Setup and configuration

Dependencies and requirements

JIP does have a bunch dependencies that should be installed with the system automatically. What is needed are the following libraries:

  • SQLAlchemy is used for the job database integration
  • Jinja2 is the template system that is used. Note that instead of the default {{ }} separators, by default, JIP templates use ${ }. You can change the variable open and close strings in the JIP configuration.
  • argparse is used for argument parsing. This is part of the Python standard library since version 2.7, but will be installed as a dependency for older python versions.

Note

The JIP job database uses an SQlite back-end, which is part of the Python standard library since version 2.5, but needs to be enabled when Python is compiled. Most of the bundled Python installations come with support for sqlite, but if you compiled your own version of Python, make sure you have sqlite support. You can check if your Python installation supports sqlite with the following command:

$> python -c 'import sqlite3'

If the command above does not raise any exception, you have sqlite support.

The current implementation uses the job database for simple communication. That requires a way to lock the database file and have it in a location accessible from all nodes in your compute cluster. The default location is $HOME/.jip/jobs.db, but you can change the path in the JIP configuration.

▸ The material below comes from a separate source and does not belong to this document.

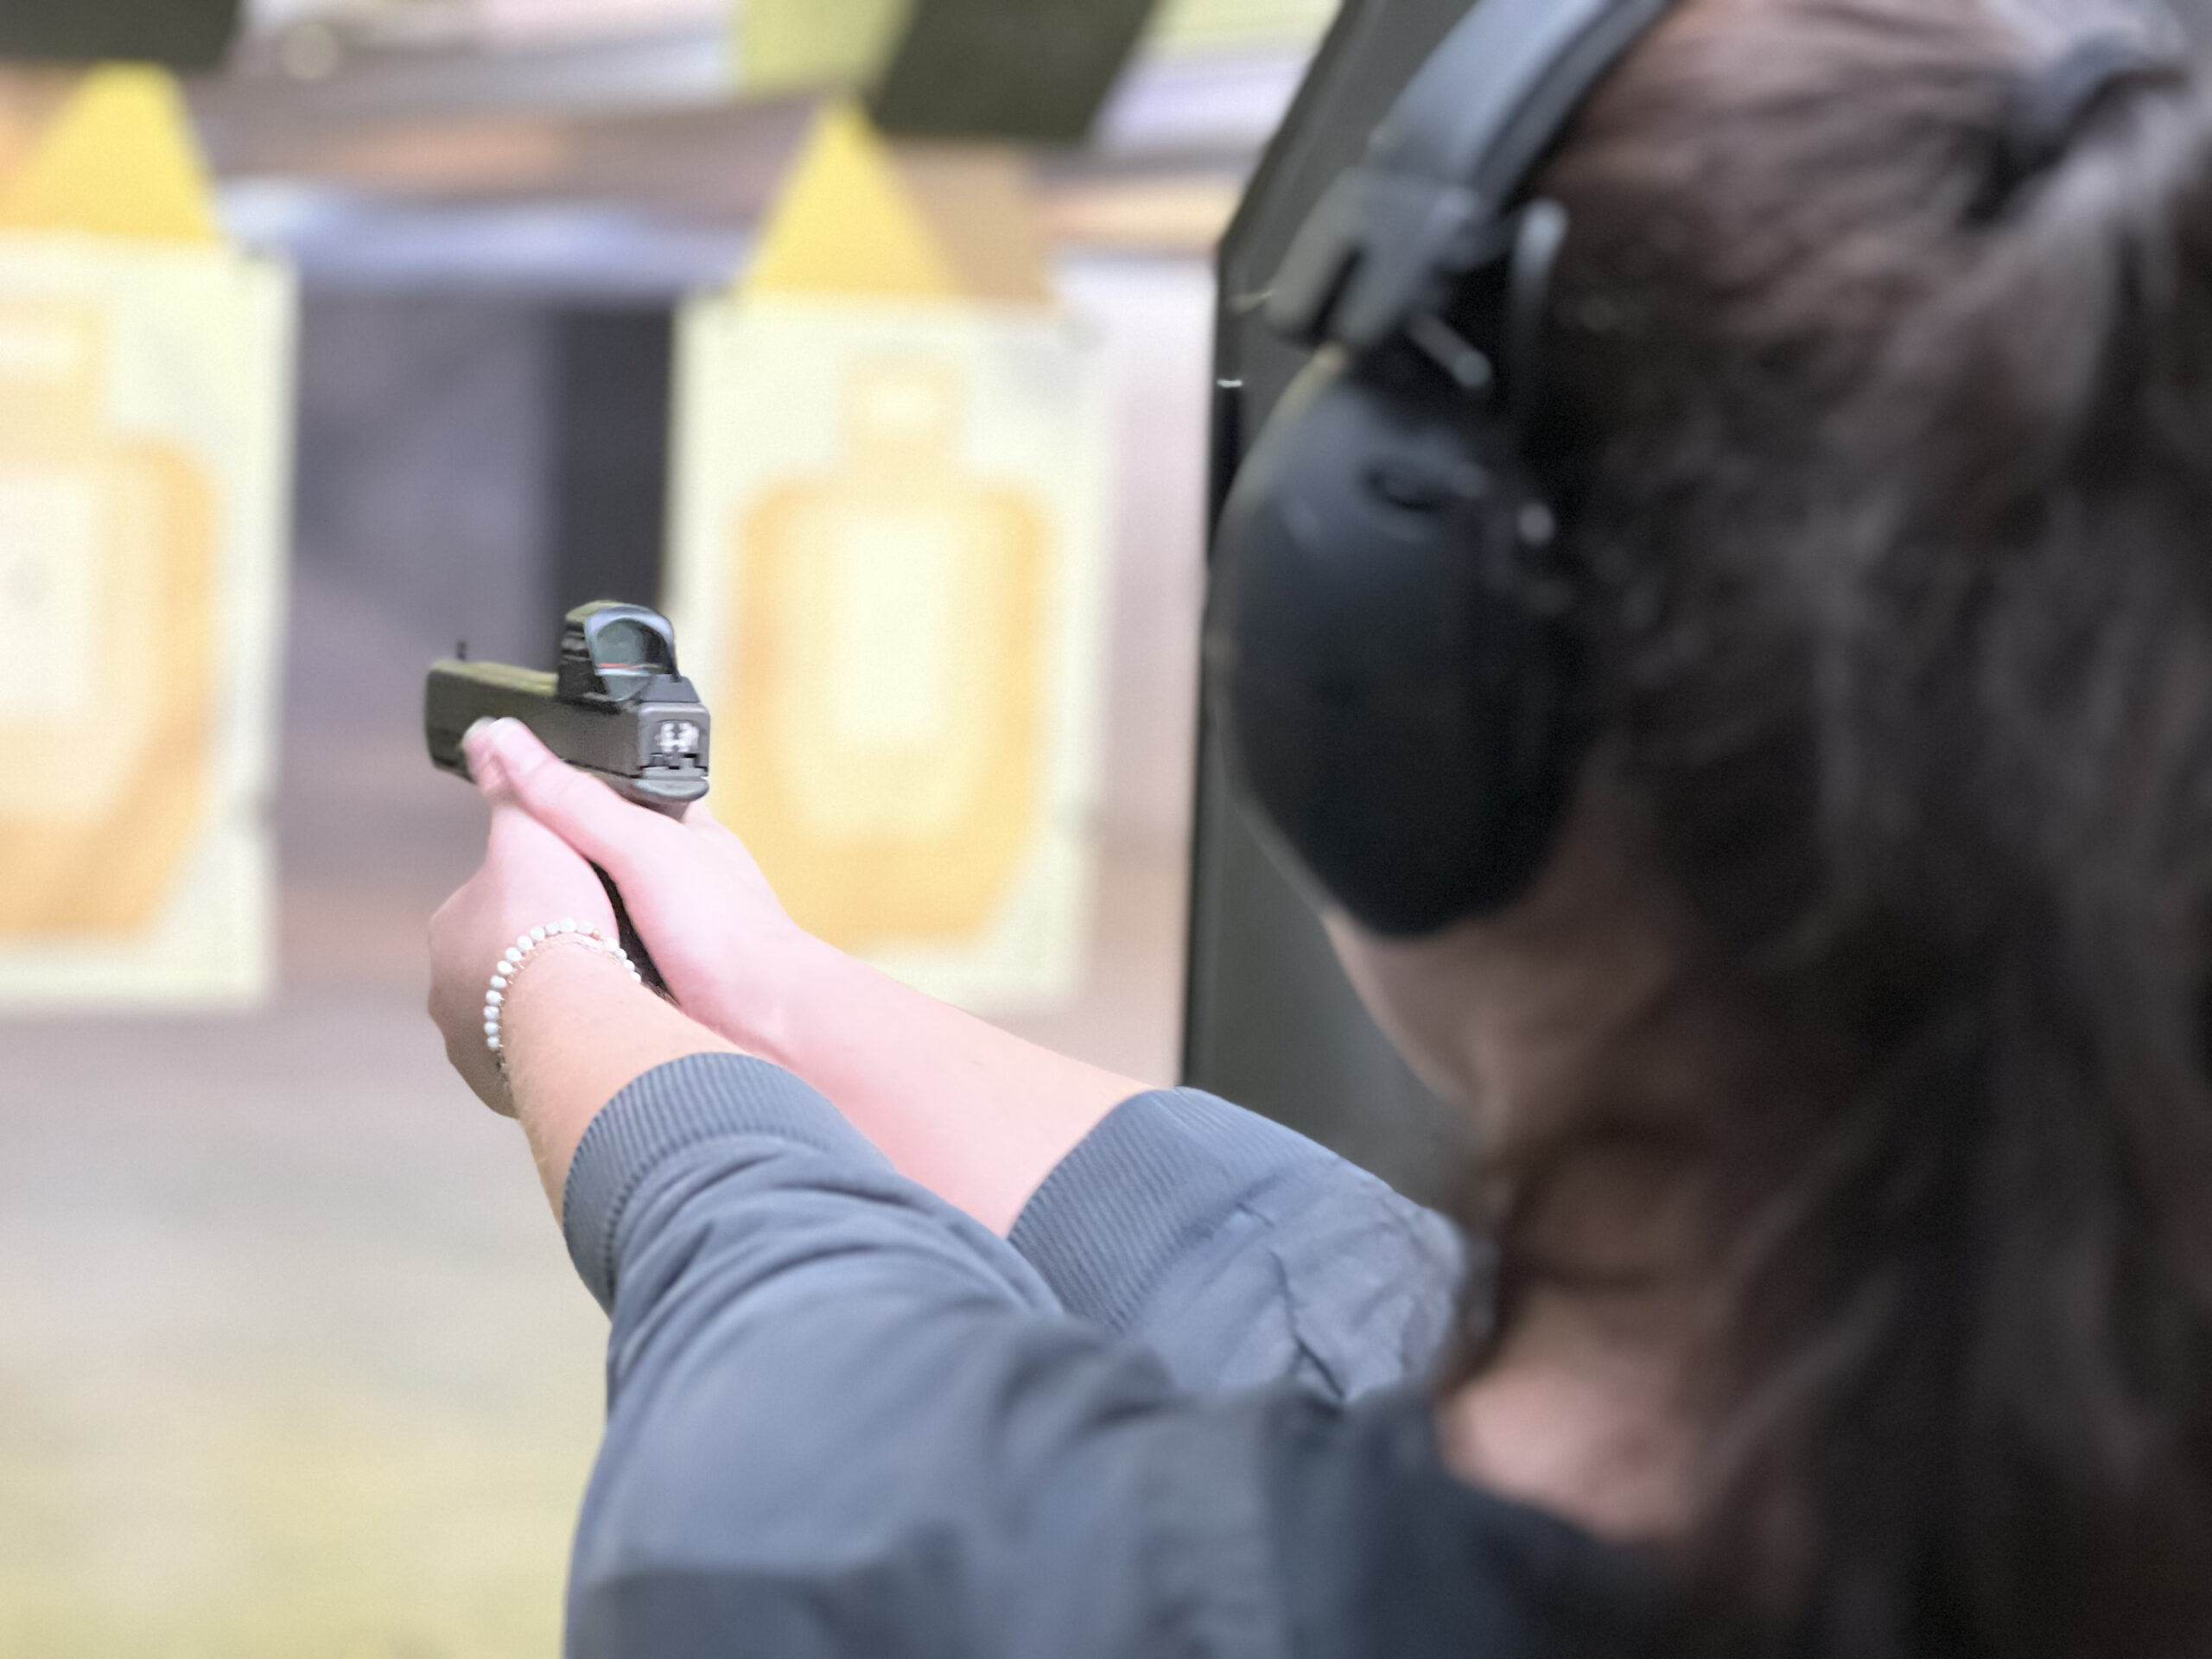 holster draw, gun training for women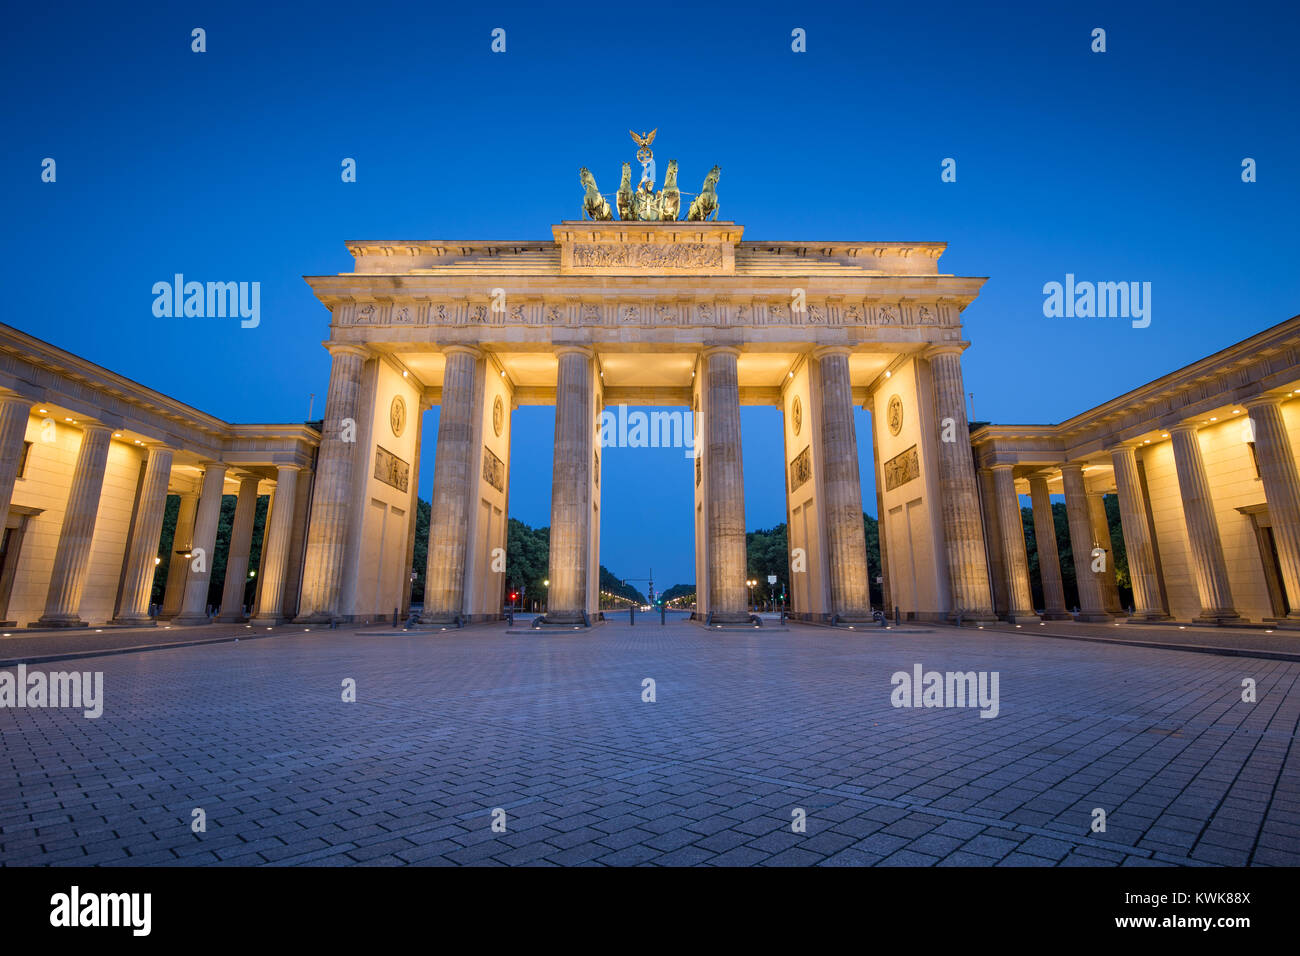 Klassische Ansicht des berühmten Brandenburger Tor (Brandenburger Tor), eines der bekanntesten Wahrzeichen und nationale Symbole Deutschlands, in der Dämmerung in blau Stockfoto

For more complex pipeline implementations the SQlite back-end could generate concurrency issues, especially on network shared file systems where the file locking mecanism could not work properly or could not even be available. In order to resolve this problem, the JIP database module also supports a MySQL back-end. In order to use it mysql-python must be installed beforehand.

Installation

The JIP system is mainly implemented in Python and can be installed from either the JIP GitHub repository or directly through pypi.

Install from GitHub

In order to install JIP from the Github repository, you have to check out the code and run the install script:

$~> git clone https://github.com/thasso/pyjip
$~> cd jip
$~/jip> python setup.py install

This will install JIP system wide, but you need to have administrative privileges to do so. If you do not have root permissions or you do not want to install JIP system wide, you can append the –user option to the install command:

$~/jip> python setup.py install --user

This will install into you home folder.

Note

You might have to update your PATH variable to include $HOME/.local/bin. This is the default install location for –user mode.

Install from pypi

The pypi Python repository contains tools and libraries written in Python and provides an easy way to install such packages. An easy way to install a package from pypi is using the pip package manager. You can install JIP system wide with pip:

$~> pip install jip

Alternatively, you can also install the JIP into your home folder with pip by appending the –user option:

$~> pip install jip --user

Configuration and setup

After installation, you should have the jip command line tool available to interact with the system. This command can be seen as the master and control command to work with jip tools, pipelines, and jobs from the command line. JIP comes with a set of JIP command line utilities. Almost all of the commands at hand will work out of the box, but some might need a little bit of configuration before you can use them on your system. The JIP configuration is stored in two location on your system:

$INSTALL_DIR/jip.json:
You can put a global configuration just next to the jip executable. This configuration file will always be loaded and evaluated for all calls to the command line utilities. In case you use the Python API directly, you might have to specify the path to the global configuration file explicitly. To do this, set jip.configuration.install_path to the absolute path the directory that contains the jip.json before you make any other calls to the JIP API.
$JIP_CONFIG:
You can point to a custom configuration using the JIP_CONFIG environment variable. If the file exists, it is loaded after the global configuration but before the configuration in the current users home directory.
$HOME/.jip/jip.json:
In order to provide user-level configuration, you can create a .jip folder in your $HOME directory and put a jip.json configuration file there. This file will be evaluated automatically for both the calls to the command line utilities as well as any calls done using the Python API directly. The file will extend and overwrite any global configuration.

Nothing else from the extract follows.